I have tried implementing gradient clipping by adding grad_clip on total_cost in build_model method but even with thresholds of -.5 and .5 I am still eventually getting NAN (probably because that is not the right way to do it)

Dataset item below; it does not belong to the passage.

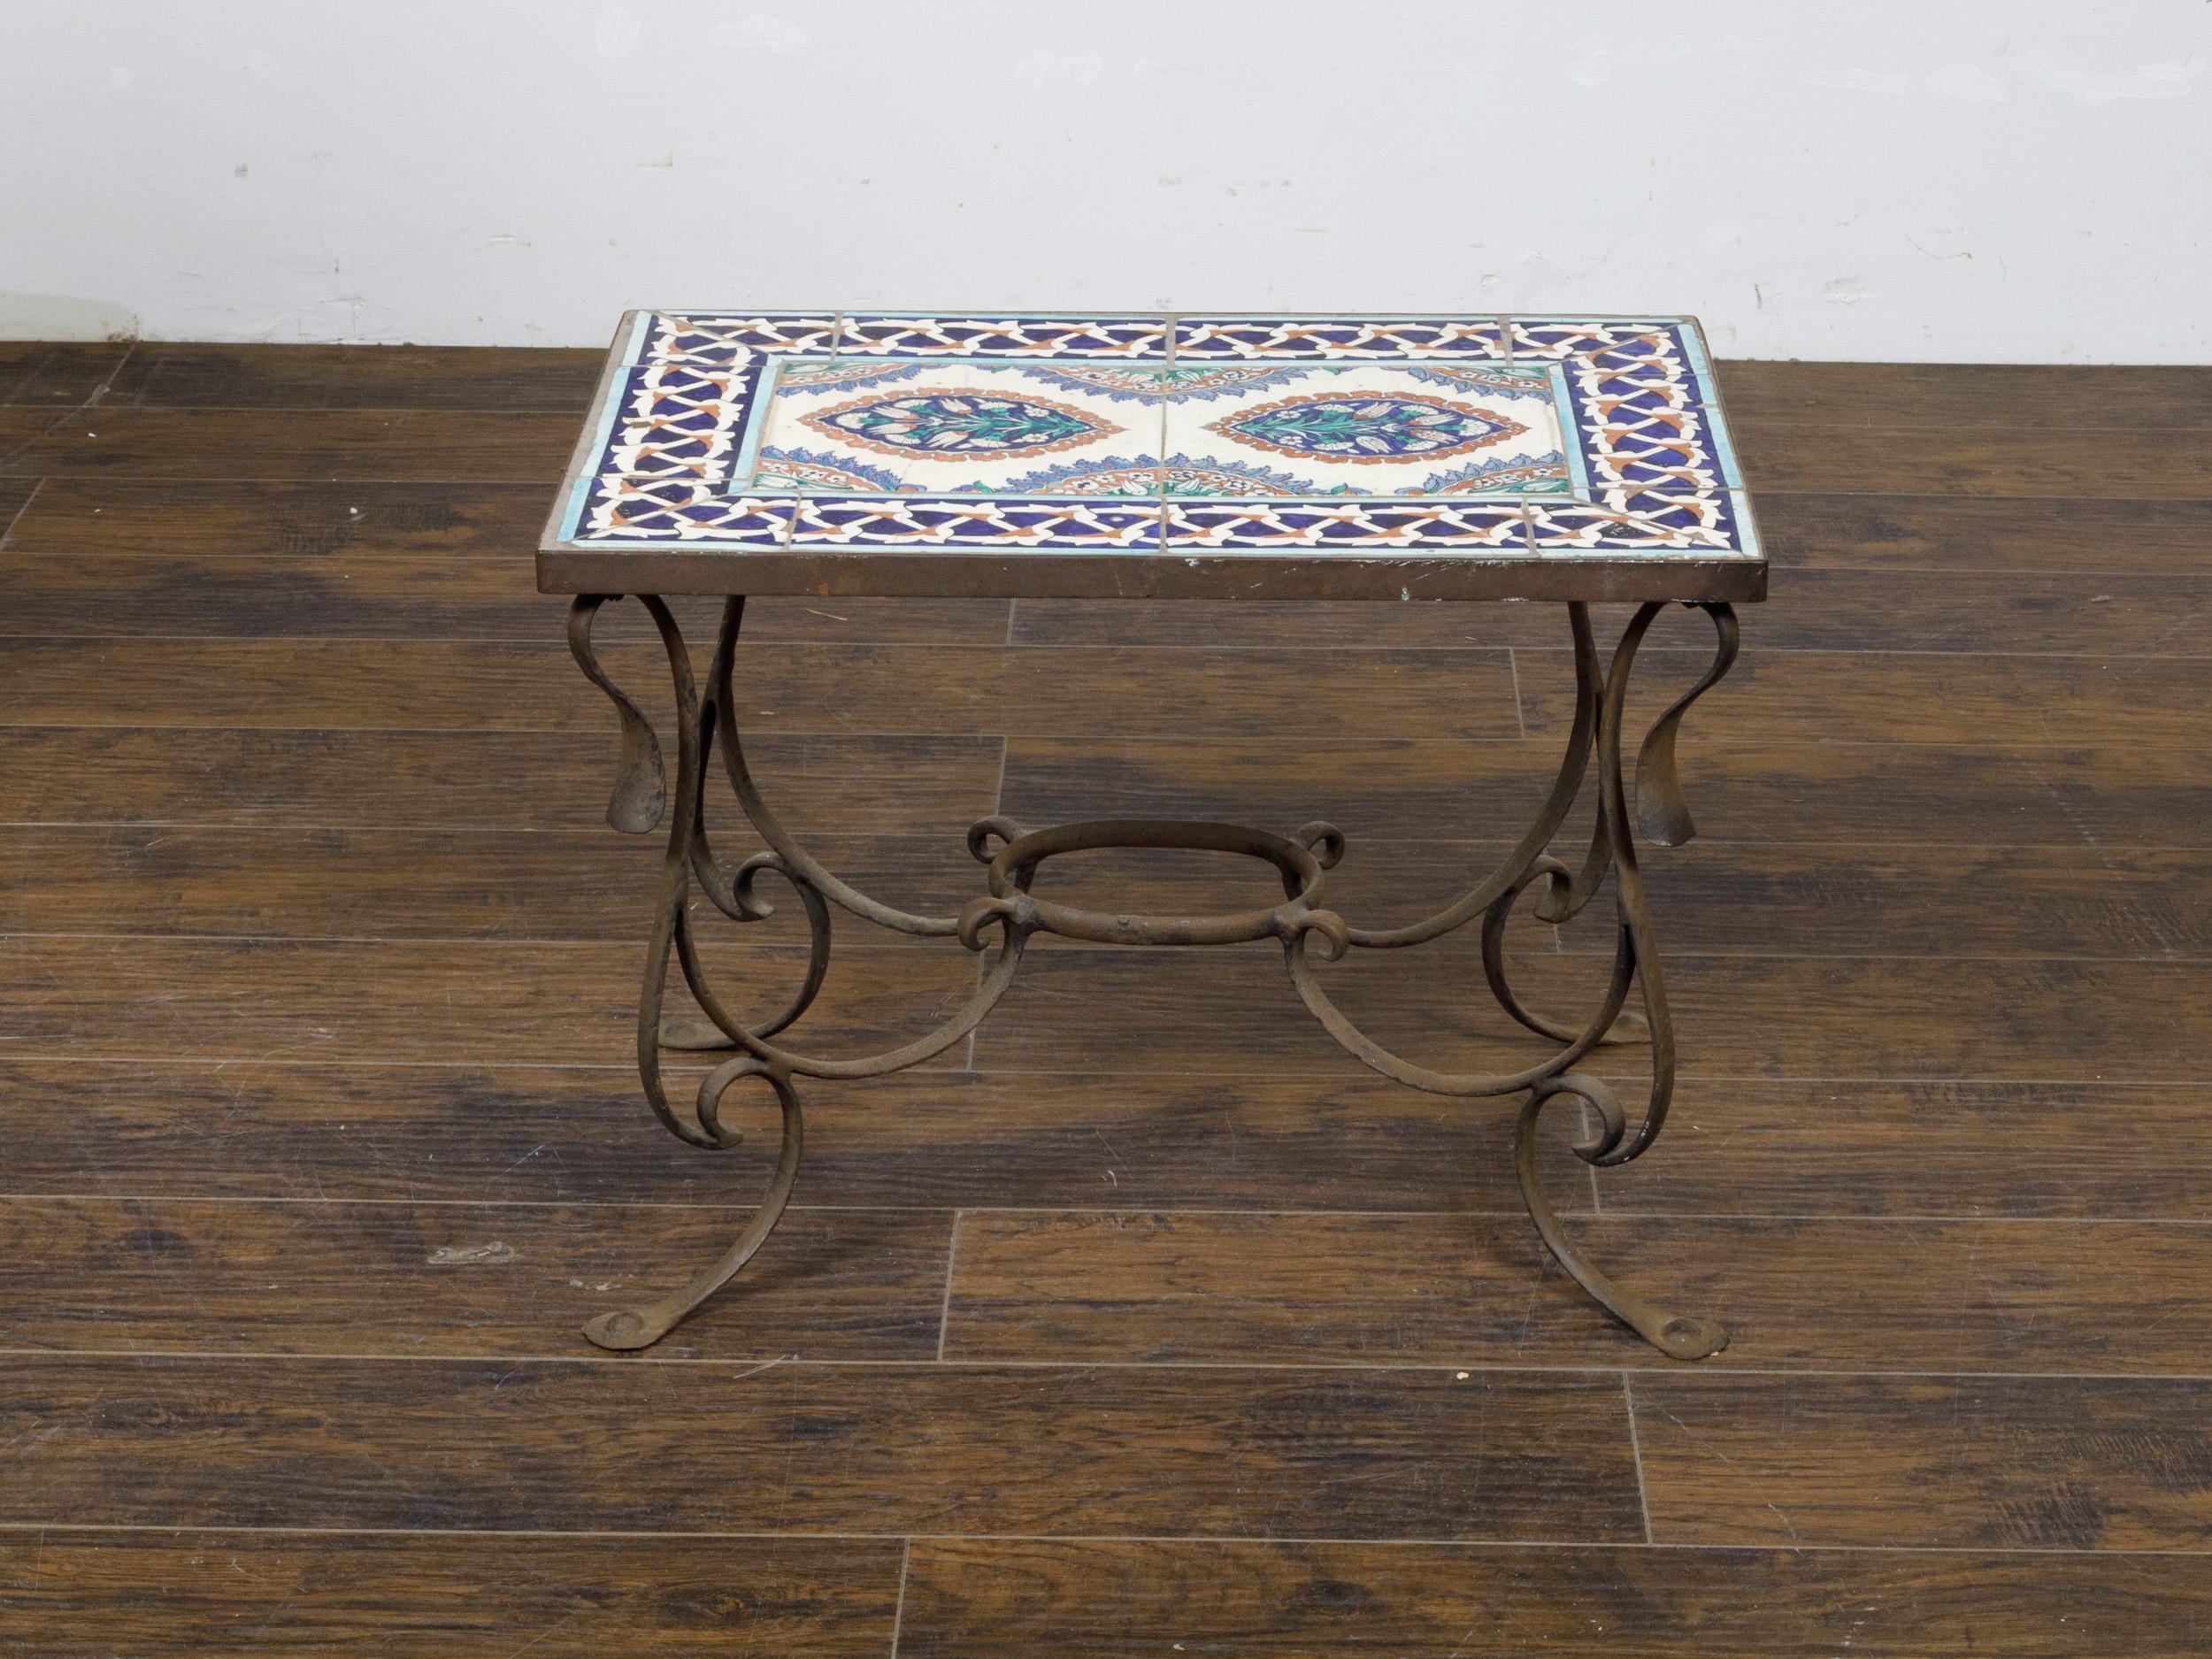 20th Century Midcentury Italian Wrought-Iron Coffee Table with Tile Top and Scrolling Base For Sale

Here is the lengthy output of NanGuardMode if it helps:

Med2Vec$ CUDA_VISIBLE_DEVICES=0 THEANO_FLAGS=mode=NanGuardMode python med2vec.py /da
ta/trosenfl/visit.pkl 32228 output.pkl --batch_size 10 --cr_size 500 --vr_size 1000 --window_size 3 --verbose --n_epoch 20
WARNING (theano.sandbox.cuda): The cuda backend is deprecated and will be removed in the next release (v0.10).  Please switc
h to the gpuarray backend. You can get more information about how to switch at this URL:
 https://github.com/Theano/Theano/wiki/Converting-to-the-new-gpu-back-end%28gpuarray%29

Using gpu device 0: Tesla P100-SXM2-16GB (CNMeM is enabled with initial size: 80.0% of memory, cuDNN 5110)
initializing parameters
building models
loading data
object
training start
epoch:0, iteration:0/1475771, cost:374.362030
epoch:0, iteration:10/1475771, cost:292.984375
epoch:0, iteration:20/1475771, cost:333.820068
epoch:0, iteration:30/1475771, cost:496.689789
Traceback (most recent call last):
  File "med2vec.py", line 321, in <module>
    train_med2vec(seqFile=args.seq_file, demoFile=args.demo_file, labelFile=args.label_file, outFile=args.out_file, numXcode
s=args.n_input_codes, numYcodes=args.n_output_codes, embDimSize=args.cr_size, hiddenDimSize=args.vr_size, batchSize=args.bat
ch_size, maxEpochs=args.n_epoch, L2_reg=args.L2_reg, demoSize=args.demo_size, windowSize=args.window_size, logEps=args.log_e
ps, verbose=args.verbose)
  File "med2vec.py", line 289, in train_med2vec
    cost = f_grad_shared(x, mask, iVector, jVector)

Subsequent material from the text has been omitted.